Thursday, March 15, 2012

Steak and boulders

The book club I am in recently read Hollywood by Charles Bukowski, which is the somewhat fictional story of his life being turned into the movie Barfly.  It seems like every few pages Musso & Franks is mentioned. I had never been, and always wanted to try it. So we went to celebrate what we thought was his birthday, but ended up being the anniversary of his death.

Musso & Frank's opened in 1919 and has been a celebrity favorite ever since. Charlie Chaplin, Rudolph Valentino, the Fitzgeralds, etc. When I was there Friday I saw Debra Jo Rupp, who you may remember as the mom in That 70s Show.

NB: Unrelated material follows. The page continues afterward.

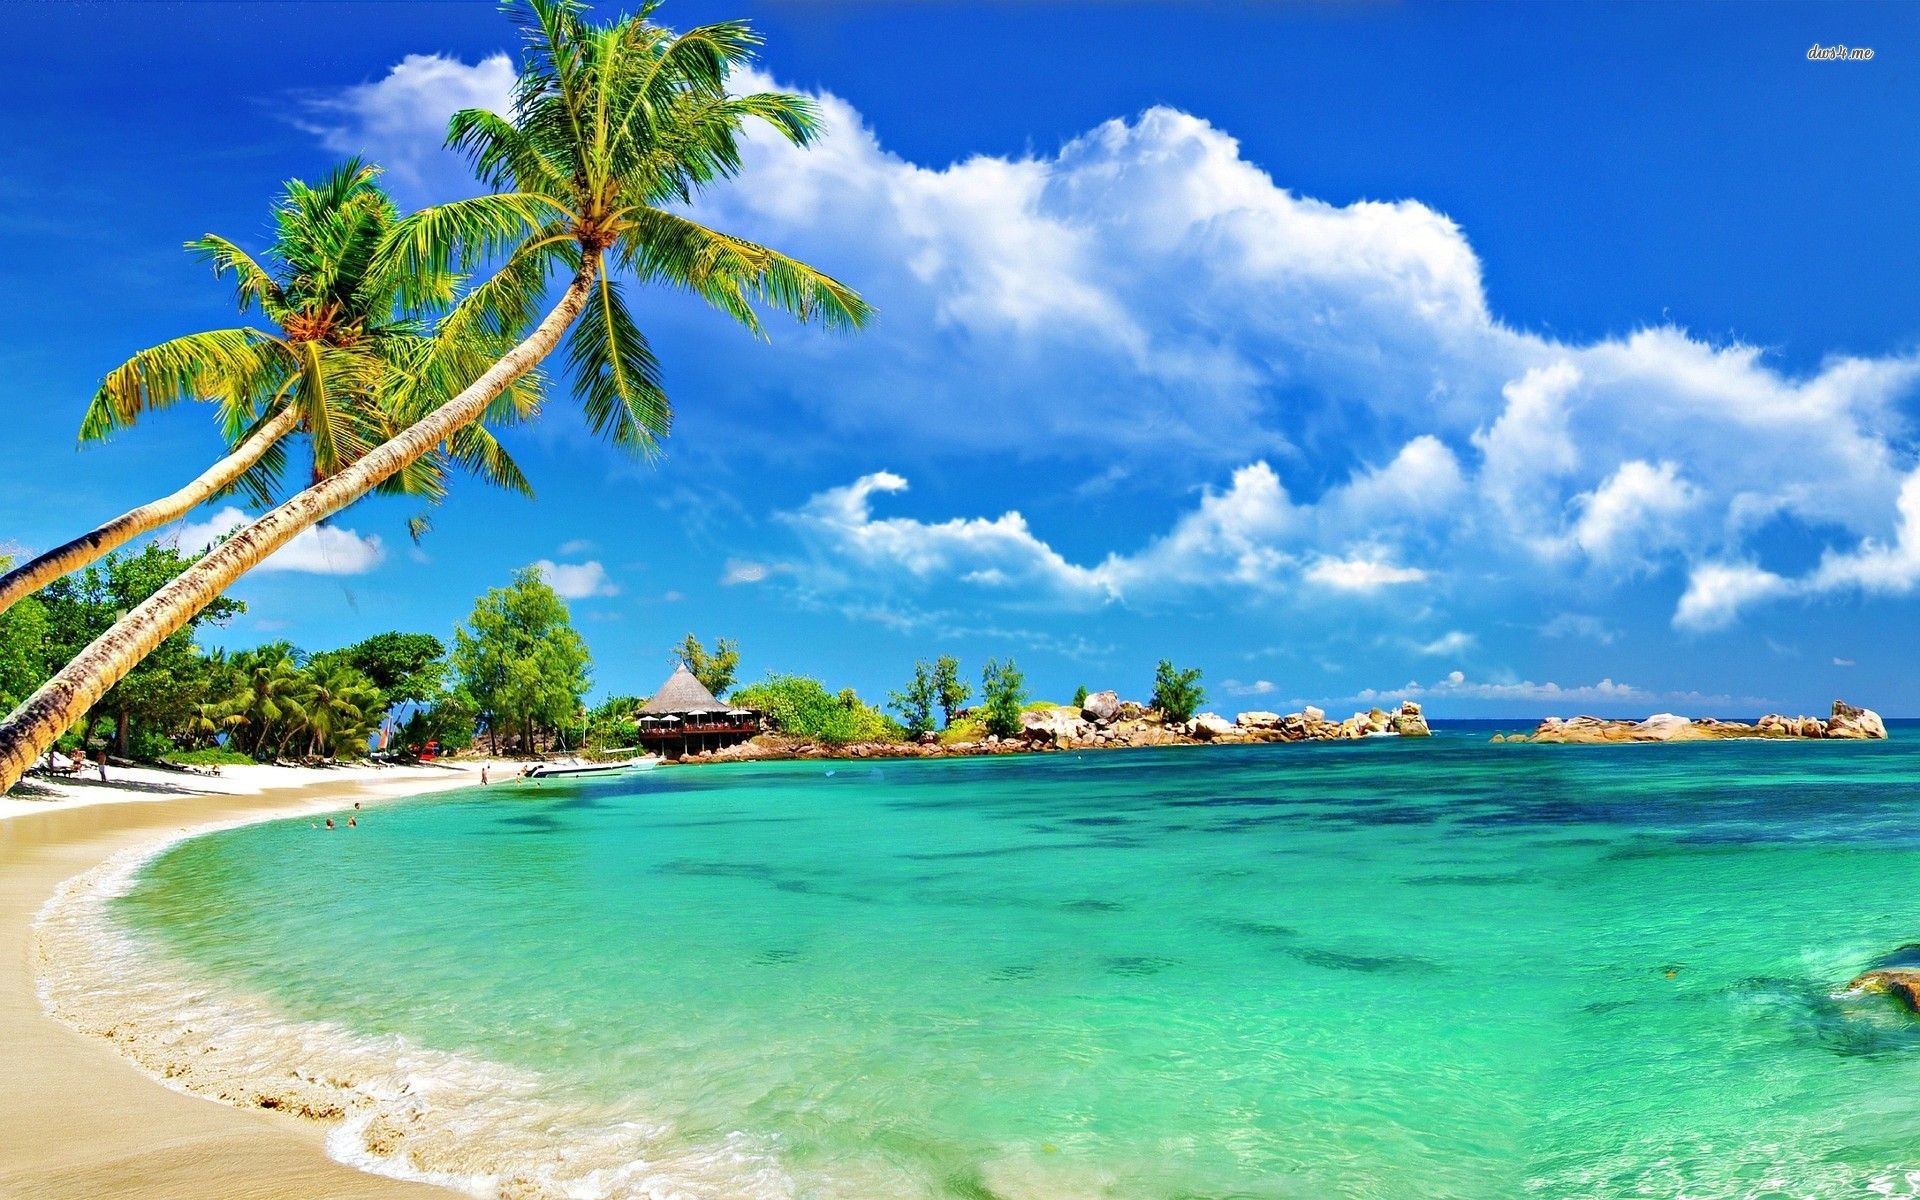 Cool Tropical Backgrounds

They make a darned good martini and are quite famous for it. (And it is only $9.50, with a pony, which is pretty economical in these parts)  I got a steak, which was good, but it wasn't Taylors.

Los Angeles is filled with wonderful and strange things. The new and newsworthy thing that everyone has been talking about, no, not you Lindsay Lohan, is the LACMA Boulder, which more technically should be called Levitated Mass.

Levitated Mass is a Land Art piece consisting of a concrete hallway with a 340 ton rock monolith hovering above. This rock was cut from a quarry in Riverside California and moved extremely slowly to LACMAs location in Los Angeles. They published the slow moving route and the rock even had a twitter and facebook account, which was an excellent example of brilliant marketing, because if you think about it, who really cares about a rock?  But people totally did, people were following the parade for miles, there was a Block Rock party with bands, there were people who proposed in front of it. It was truly strange.

I had to see what it was all about, and since it was rolling through my neighborhood, it would have been silly not to.  I met a neighbor after that huge meal at Musso's and we walked to Western to watch it come by. I was surprised at how many people had come there to meet it, even more surprised that people had no idea about it.

We met it at Western and 8th and walked with it for a few blocks, as seen in the photos, picked up more and more people, who were waiting to see if it were possible for it to turn onto Wilshire, people were videoing it with their phones and ipads. Some loon ran around it with an American flag and people were holding up signs that said:

"God hates rocks, god loves scissors"


You have to love how creative people are here.


I think that I may have been on the local Korean news channel laughing.

2 comments:

aunt pez said...

But how does God feel about paper?

I am here said...

I never found out. I think they needed another sign holder.